Berdasarkan hasil temuan kasus baru tahun ini, mayoritas warga yang terkena HIV/AIDS didominasi usia produktif dari 21 hingga 40 tahun. Kemudian 9 orang berusia dibawah 21 tahun, 8 orang berusia 41 hingga 50 tahun dan 6 orang berusia 50 tahun. Sementara itu dari 38 warga Cimahi, 4 orang di antaranya berusia dibawah 21 tahun, 25 orang berusia antara 21 sampai 40 tahun, 7 orang berusia 41 sampai 50 tahun dan 2 orang berusia lebih dari 50 tahun.

“Jika dilihat dari jenis kelamin, dari 88 total temuan kasus, 73 di antaranya adalah laki-laki sedangkan 15 perempuan. Sementara dari 38 kasus baru warga Cimahi 30 orang diantaranya laki-laki dan 8 orang perempuan.

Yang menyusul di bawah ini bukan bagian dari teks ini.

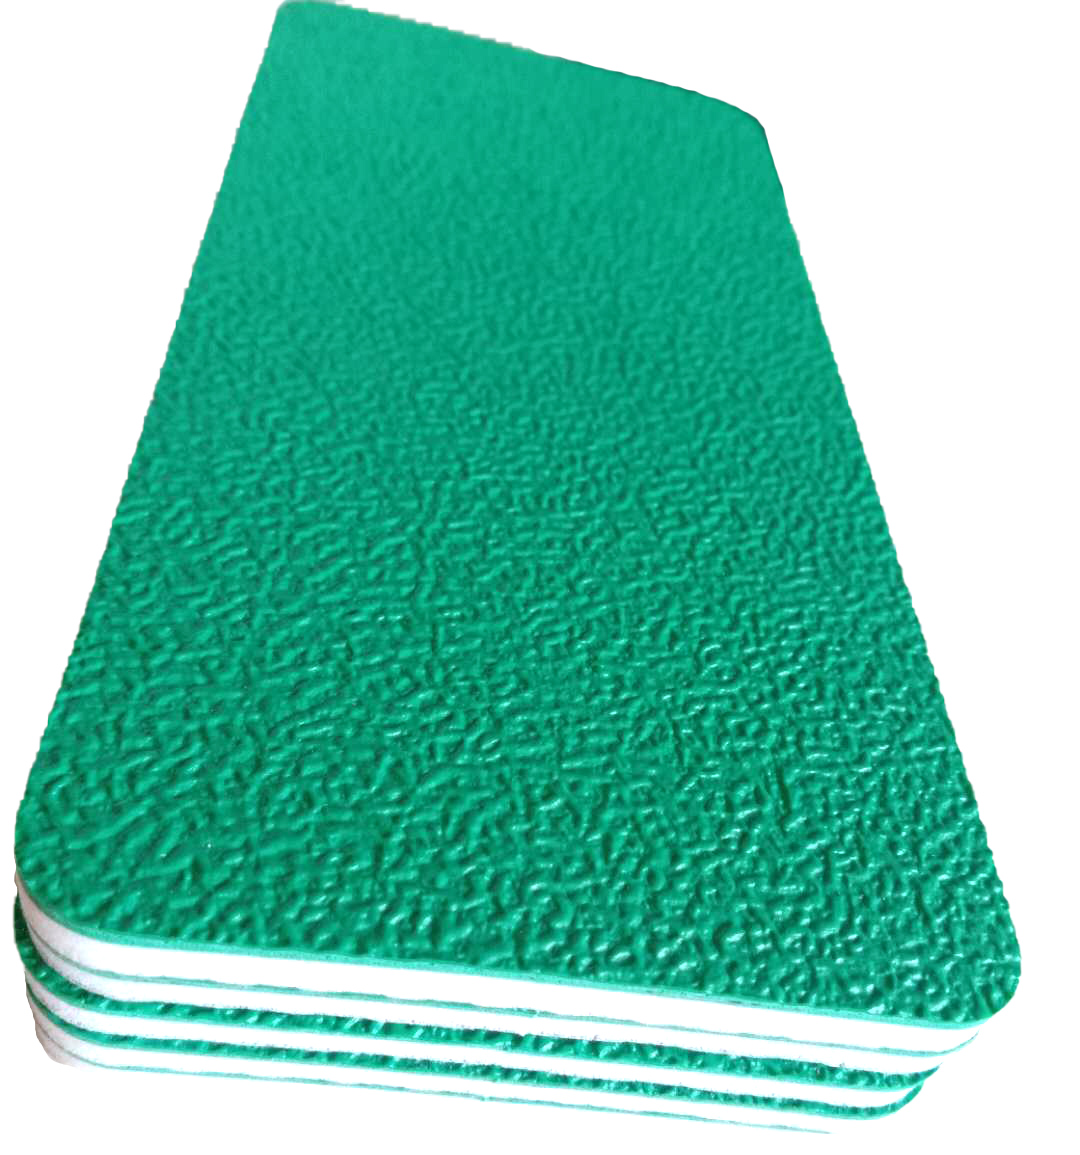 Hot sale PVC Flooring For Indoor Sports Court Badminton Mat cushion type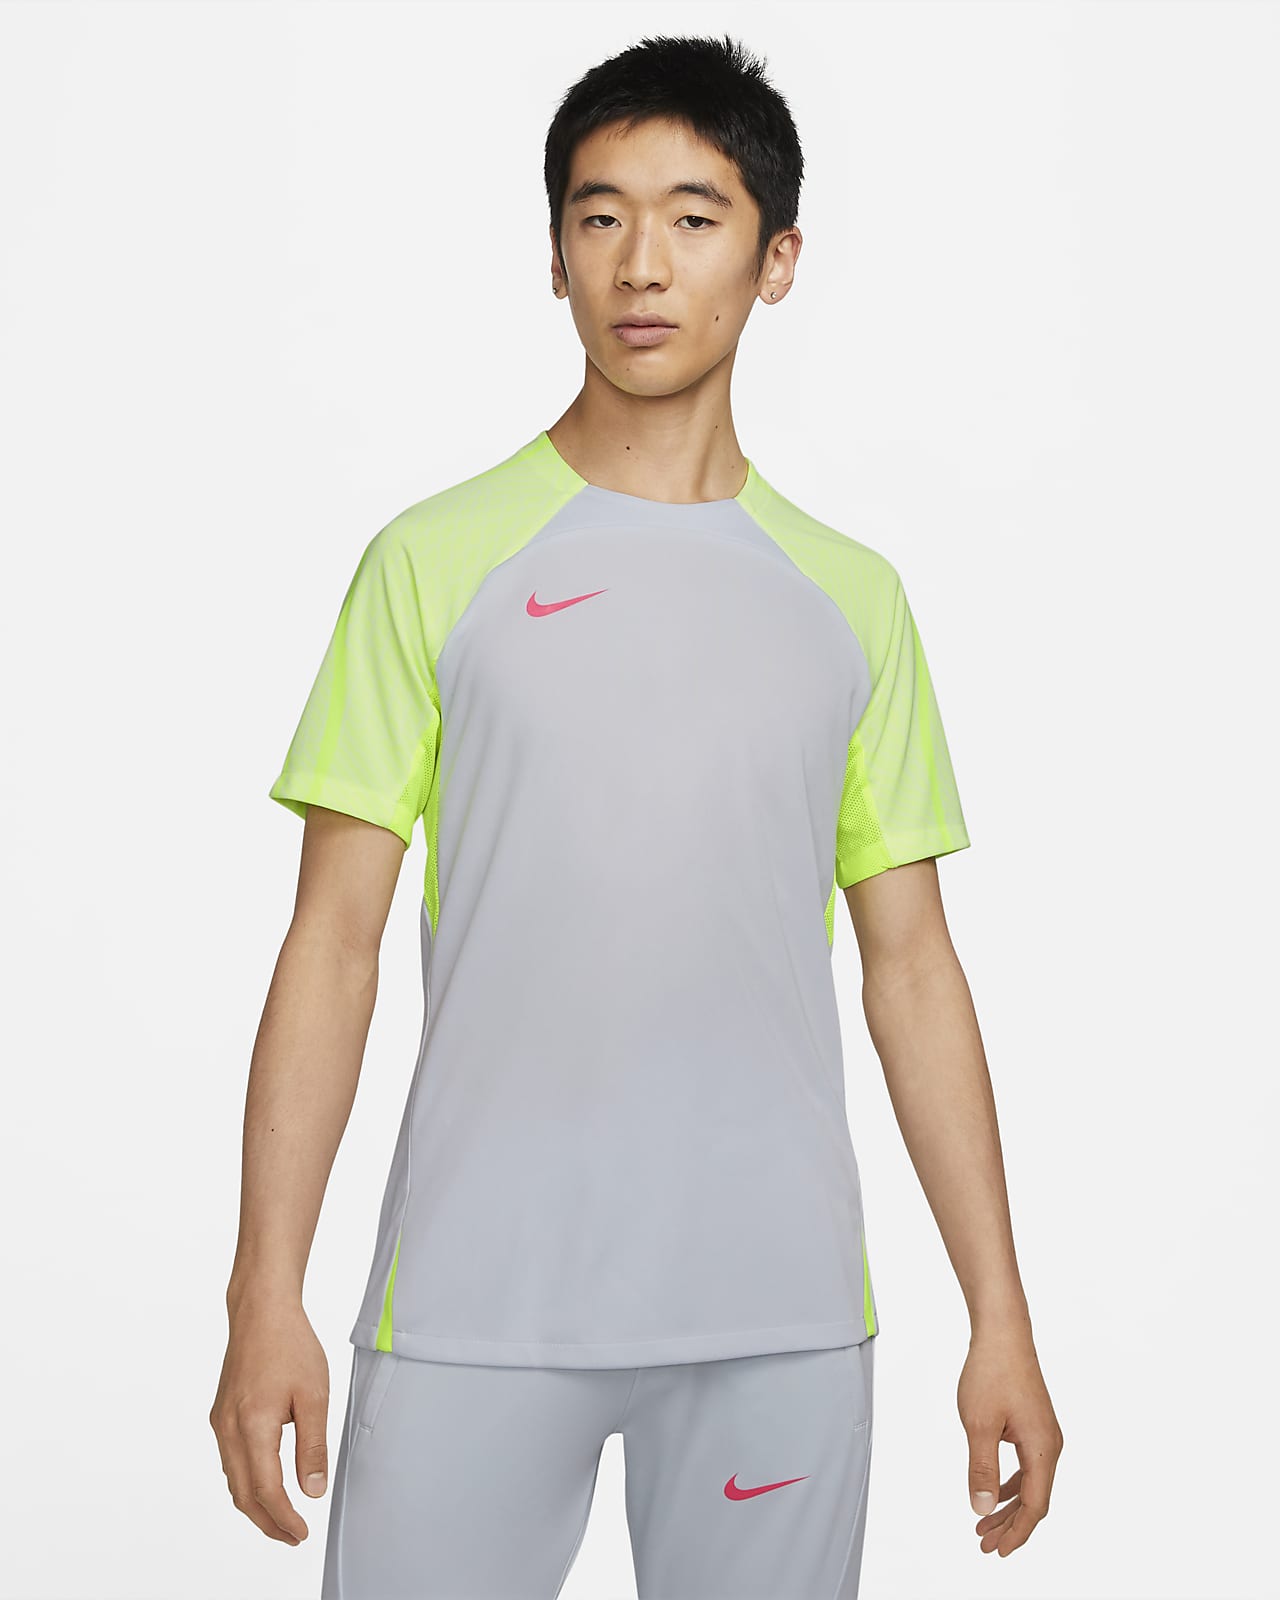 Nike Dri-FIT Strike Men's Short-Sleeve Football Top. ID

Hal ini menegaskan bahwa kasus HIV sebagian besar terjadi pada laki-laki,” ucap Mulyono.

BACA JUGA; Dari Zonasi hingga Anak di Infus, Inilah Serba-serbi PPDB 2023

Dia juga menerangkan jika dilihat dari populasinya, dari total 88 temuan kasus baru, sebanyak 41 kasus berasal dari populasi risiko tinggi atau populasi kunci. Yakni 39 Laki Seks Laki (LSL), 1 WPS, 1 Waria, sedangkan 47 kasus berasal dari populasi risiko rendah yakni heteroseksual yang mana 4 diantaranya adalah ibu hamil.